● **TASK INSTRUCTIONS**:
Look in the data below for the line that has "Spinach and Roasted", then print exactly every line from there through the line that has "cyantra-decor-events-religious-image-stage", leaving pictures out.
---------- SUPPLIED DATA ----------
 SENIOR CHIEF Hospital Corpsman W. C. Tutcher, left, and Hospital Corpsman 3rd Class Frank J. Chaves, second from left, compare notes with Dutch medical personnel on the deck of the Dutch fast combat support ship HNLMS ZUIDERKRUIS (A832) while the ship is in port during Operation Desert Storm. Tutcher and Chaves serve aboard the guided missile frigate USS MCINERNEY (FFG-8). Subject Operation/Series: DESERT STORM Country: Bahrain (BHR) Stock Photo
----------
---------- SUPPLIED DATA ----------
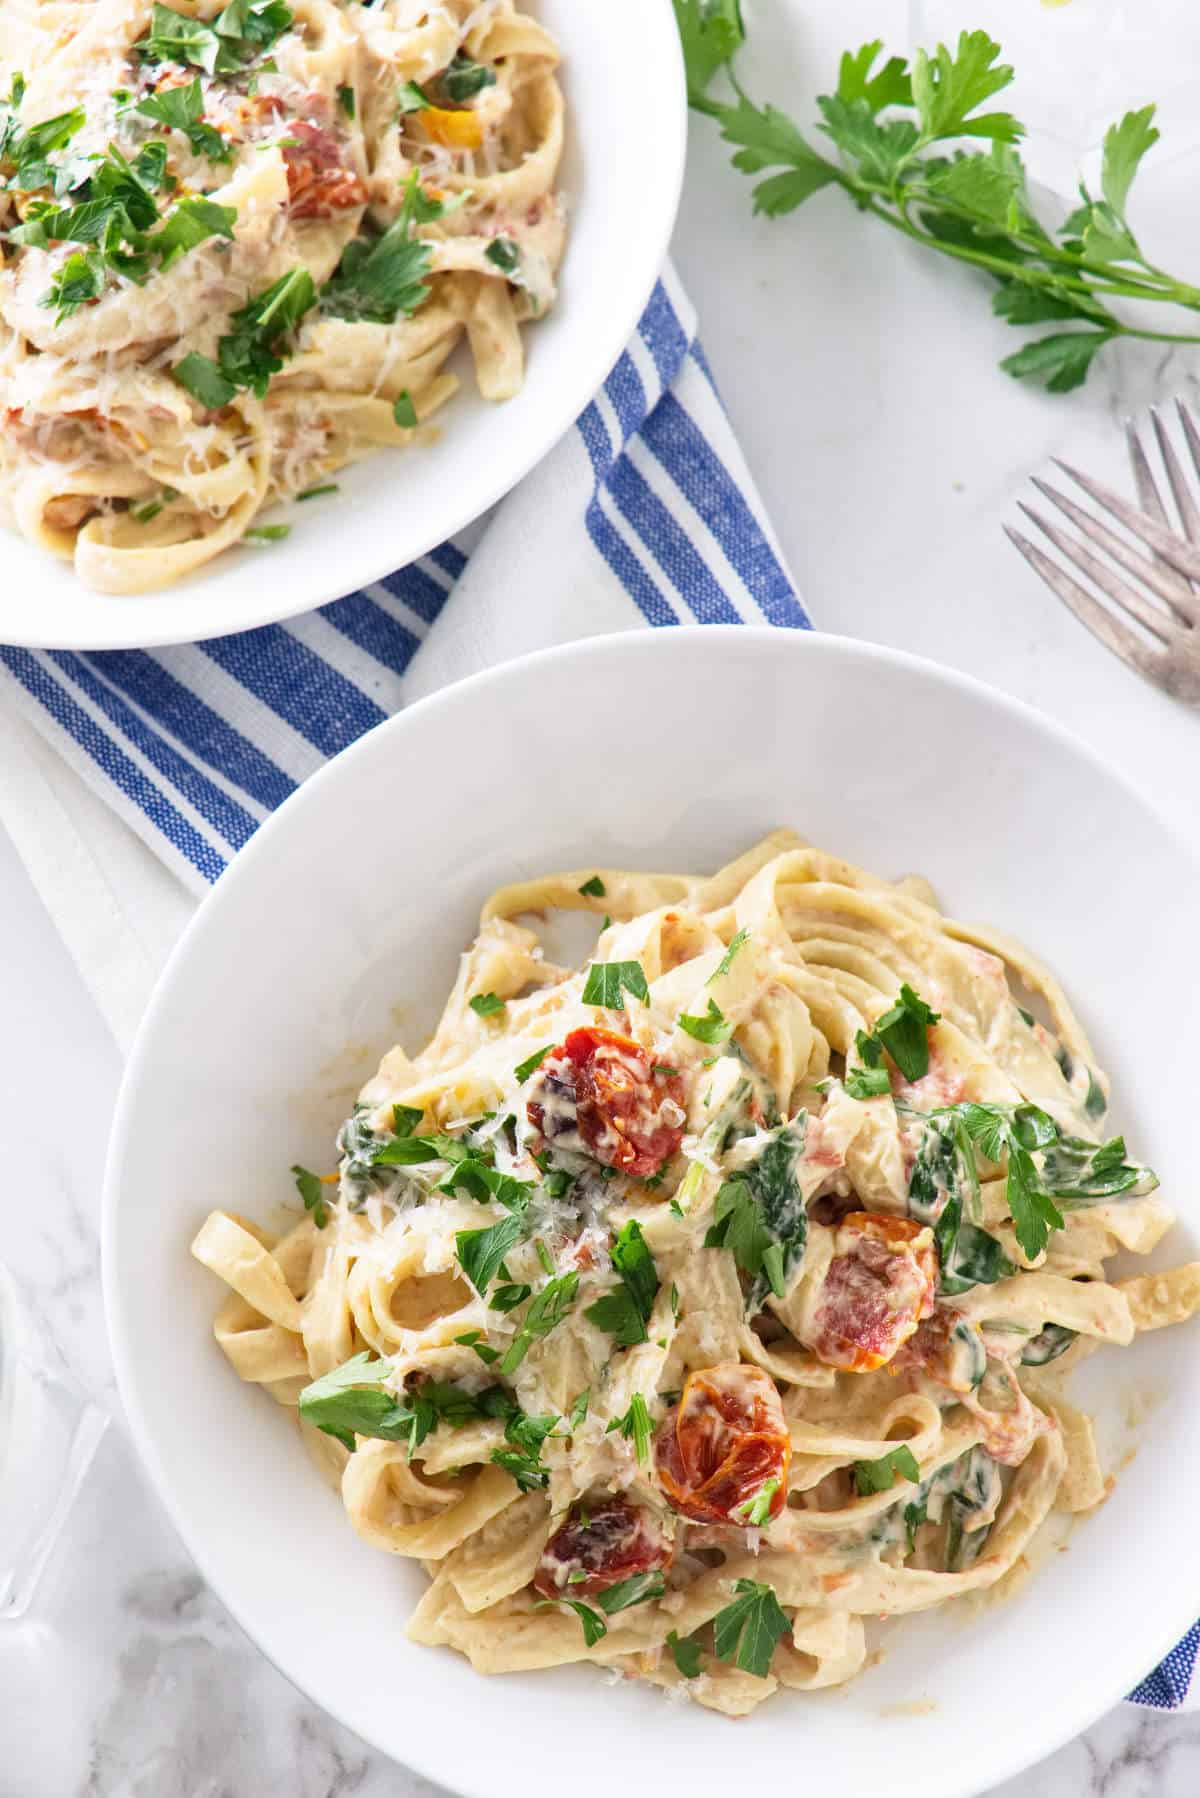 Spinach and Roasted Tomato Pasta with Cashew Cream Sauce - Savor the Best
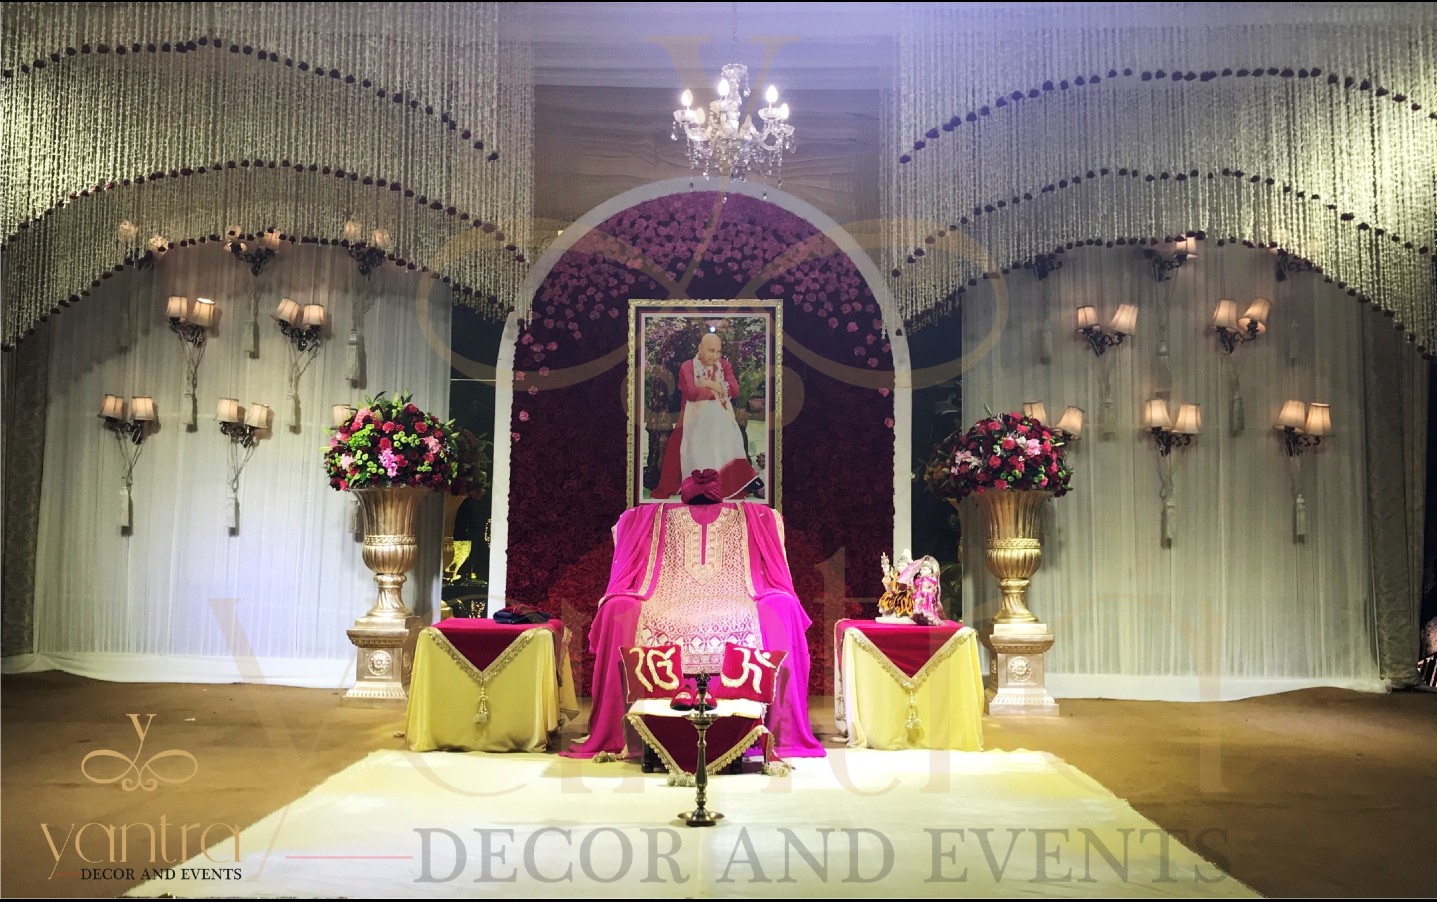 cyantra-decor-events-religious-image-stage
----------
---------- SUPPLIED DATA ----------
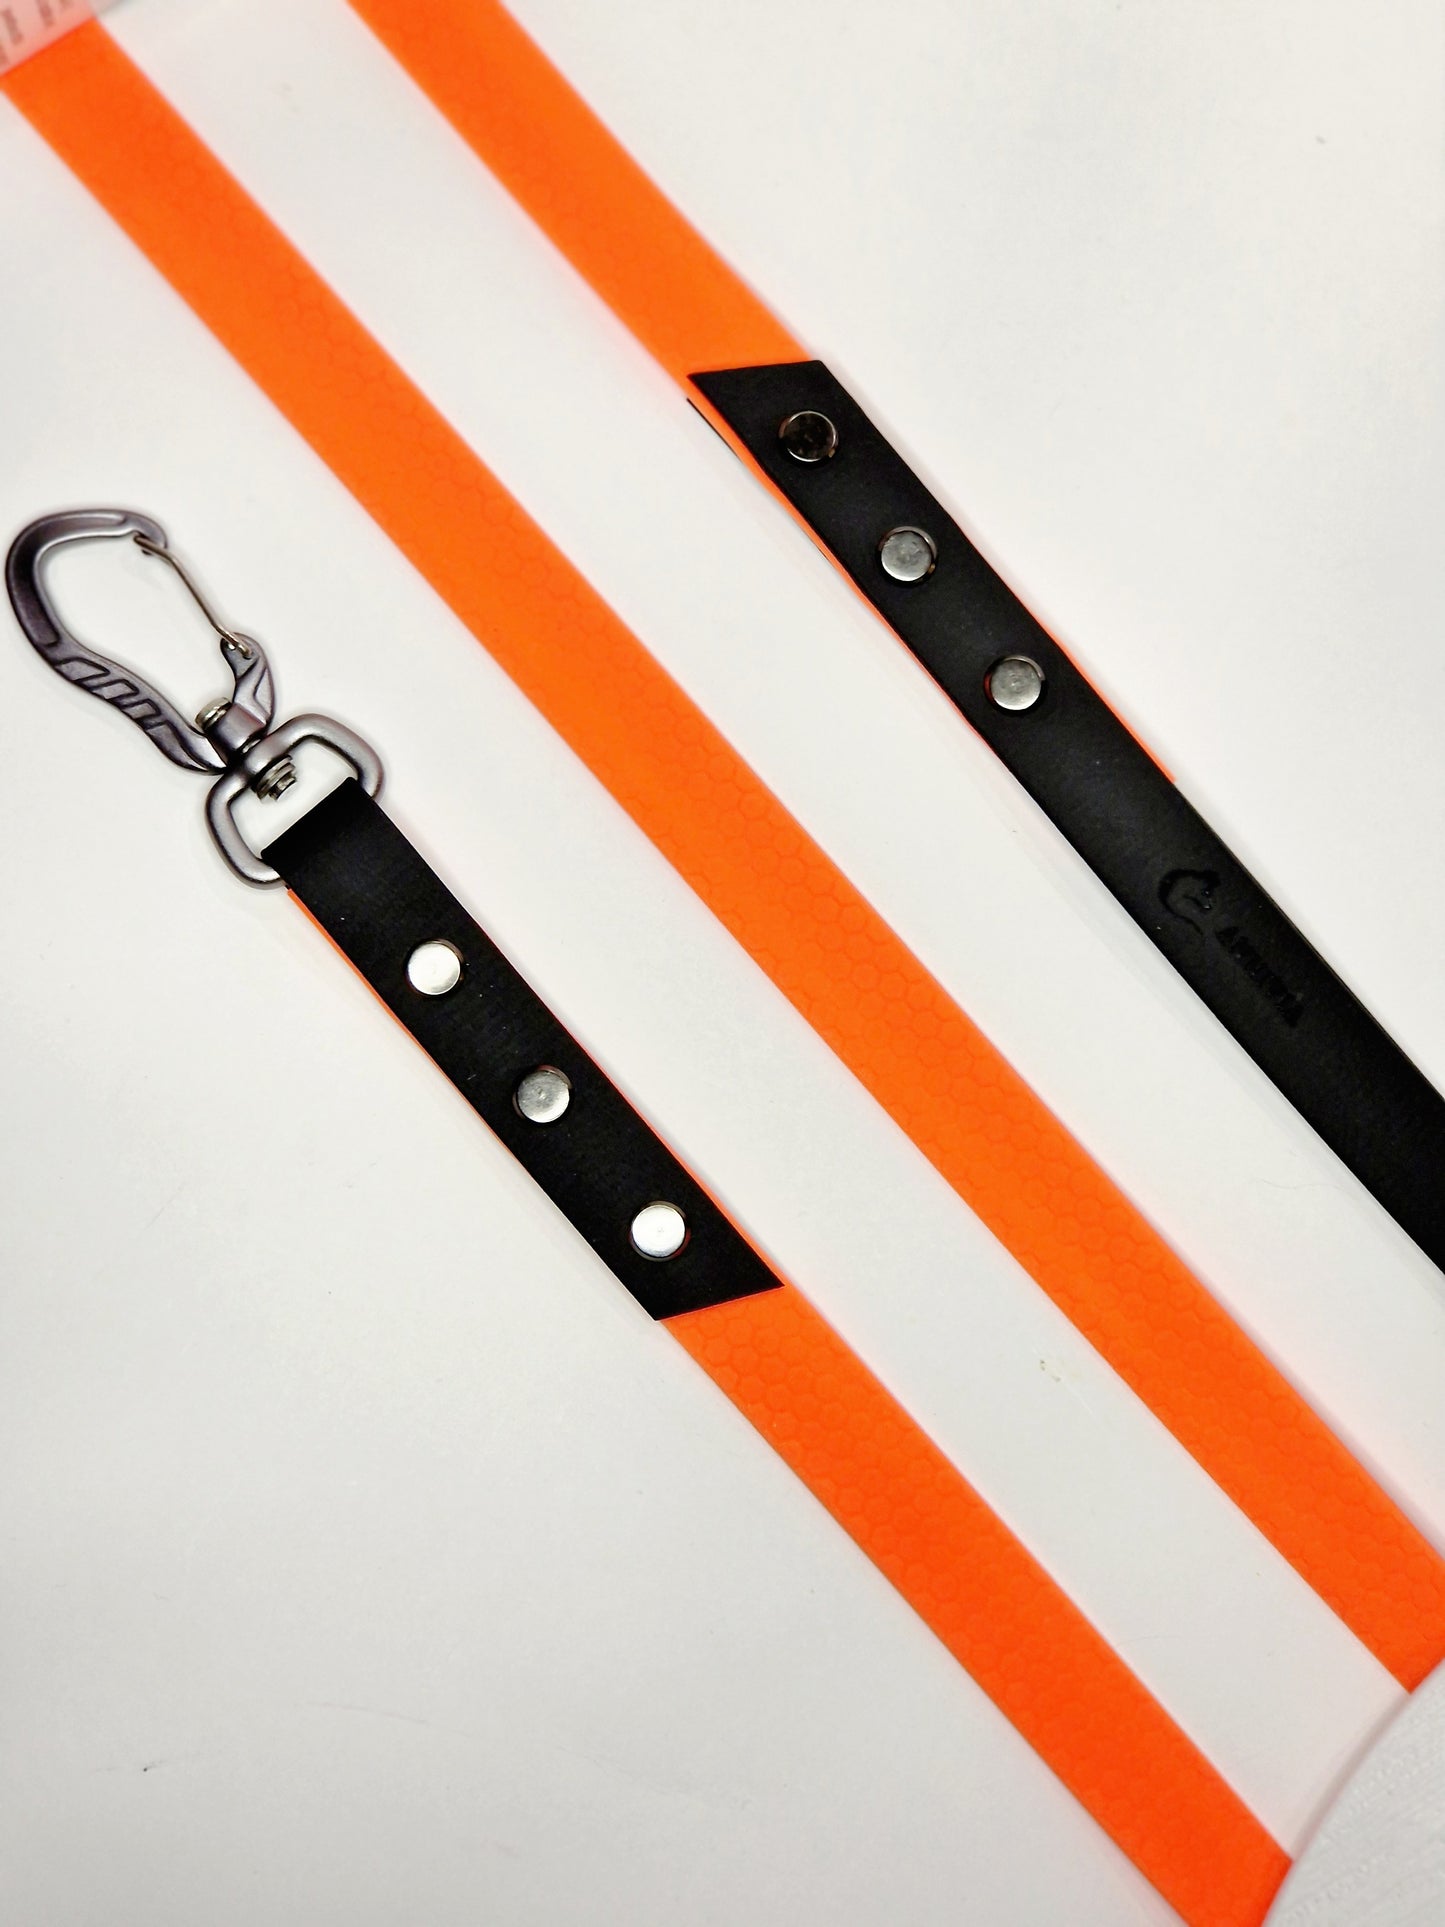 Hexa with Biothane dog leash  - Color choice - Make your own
----------
● **EXERCISE OUTPUT**:
 Spinach and Roasted Tomato Pasta with Cashew Cream Sauce - Savor the Best
 cyantra-decor-events-religious-image-stage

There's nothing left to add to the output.